Both tournaments drew big crowds to the Field House, and the local organizing committees earned kudos for well-run tournaments.
"People saw the level of excitement that sport can bring," said Healey. "That (CIS) event brought university senior people out and it was eyes wide open for them at that point. I think they realized that we could potentially market the university strategically through varsity athletics."
As director of athletics, Healey is responsible for developing, promoting, managing and evaluating the varsity athletics programs. Her other duties include leading and overseeing the management of the university's varsity sports programs; building and fostering a team environment for Memorial athletics and serving as the primary ambassador for all athletics programs, the university and its partners.
She said a bigger emphasis on the varsity sports program can raise a university's profile across the country and make it easier to recruit athletes.
For example, Healey said she doesn't know what Cape Breton University's philosophy has been, "but they've definitely chosen sports as a mechanism to put their institution on the map."
CBU, with a student population of about 2,500, has won 14 AUS championships in the more prominent sports of men's and women's basketball and soccer. In contrast, Memorial, with a student population of 17,500, has won seven women's basketball championships in the past 16 years and four men's soccer titles, the last of which came in 1973.
"In the past five or so years, the university has seen the value in what the women's basketball has been able to do as far as MUN's profile on the national scene," said Healey.
She said CBU, for example, has definitely raised its profile through varsity athletics.
"You ask schools across Canada 15 years ago and nobody could tell you where UCCB (University College of Cape Breton as it was known then) was. Now everyone in the country knows about Cape Breton University."
If there was apathy among MUN's higher-ups in the past, there's an ongoing problem with student indifference towards varsity sports in general.
However, MUN is not alone in that regard.
Healey said, from what she has gathered over the years, all AUS schools, "struggle to get students on campus out to games."
She said her department continues to look for ways to encourage students to come out to varsity competition.
"We've gone so far as to provide free admission to games for all first-year students on campus. You'll get them to come out to some games but, for the most part, they don't come back.

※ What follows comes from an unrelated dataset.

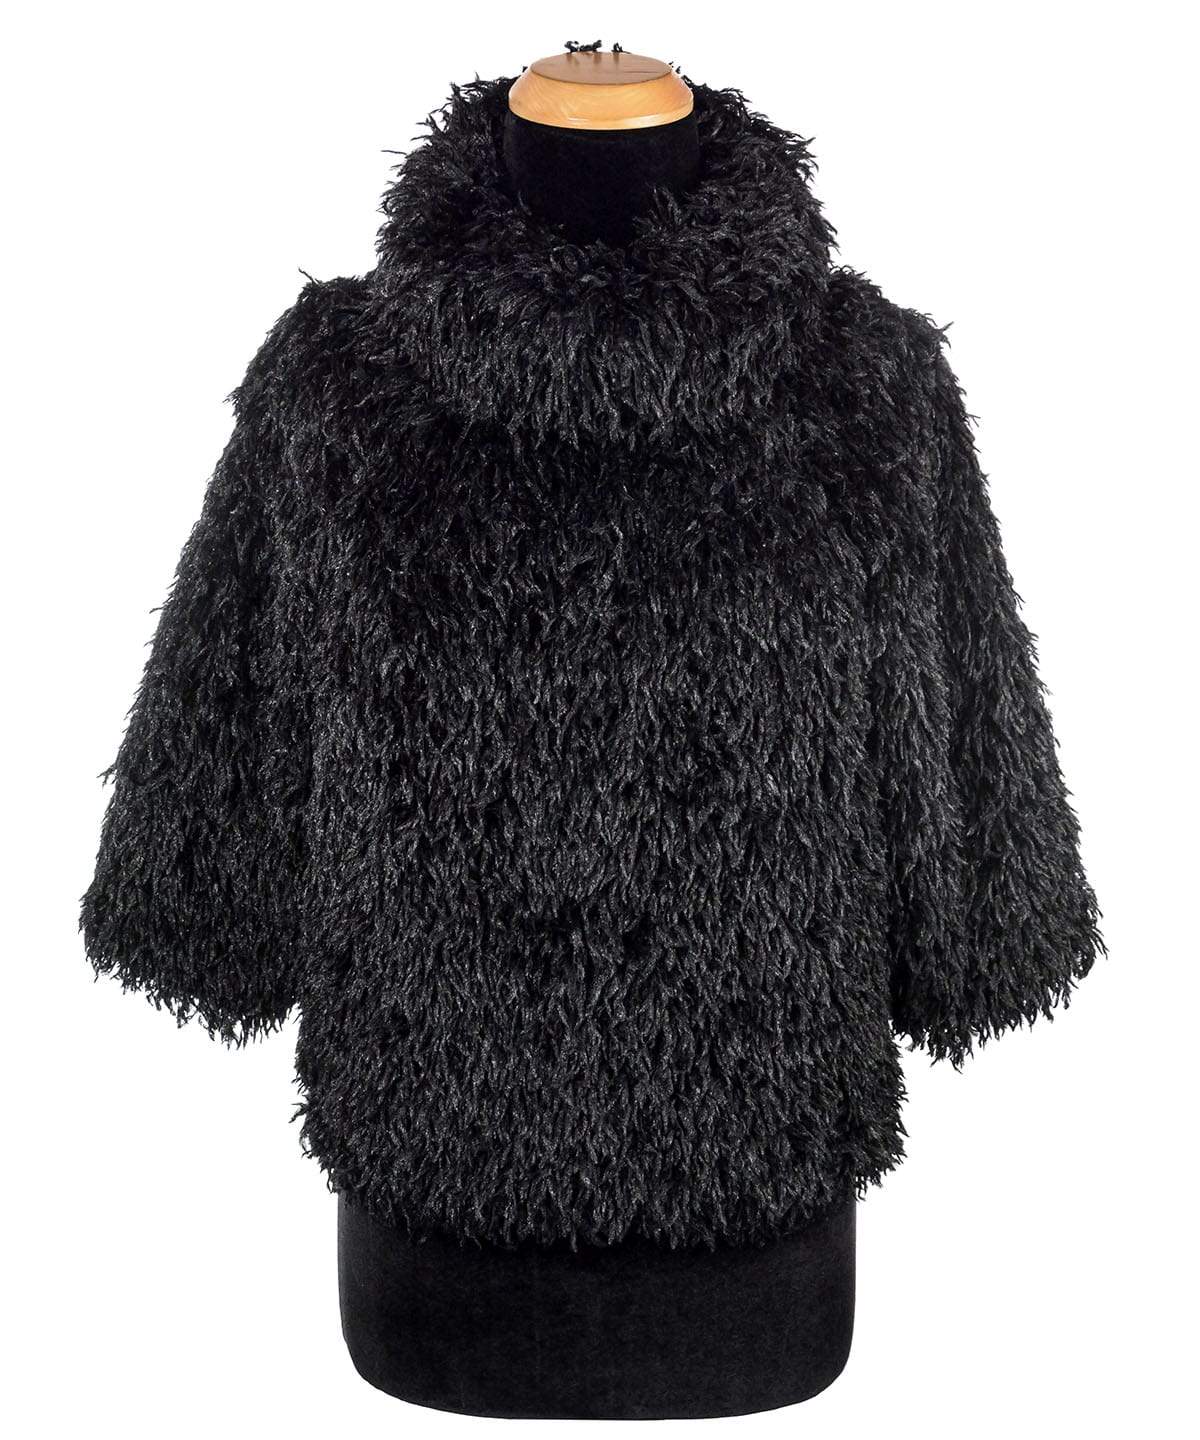 Sweater Top - Black Swan Faux Feather

"We've worked on various projects with student affairs, but unless you are offering something like a big giveaway, we don't seem to be getting much in return."
Healey said early indoctrination is probably the way to go.
"Every year, there are 2,500 new students who come to MUN. The first day students come in, we have to show them they are a part of the Sea-Hawks brand."
Memorial University has 31 Atlantic University Sport (formerly Atlantic-Universities Athletic Association) championship banners.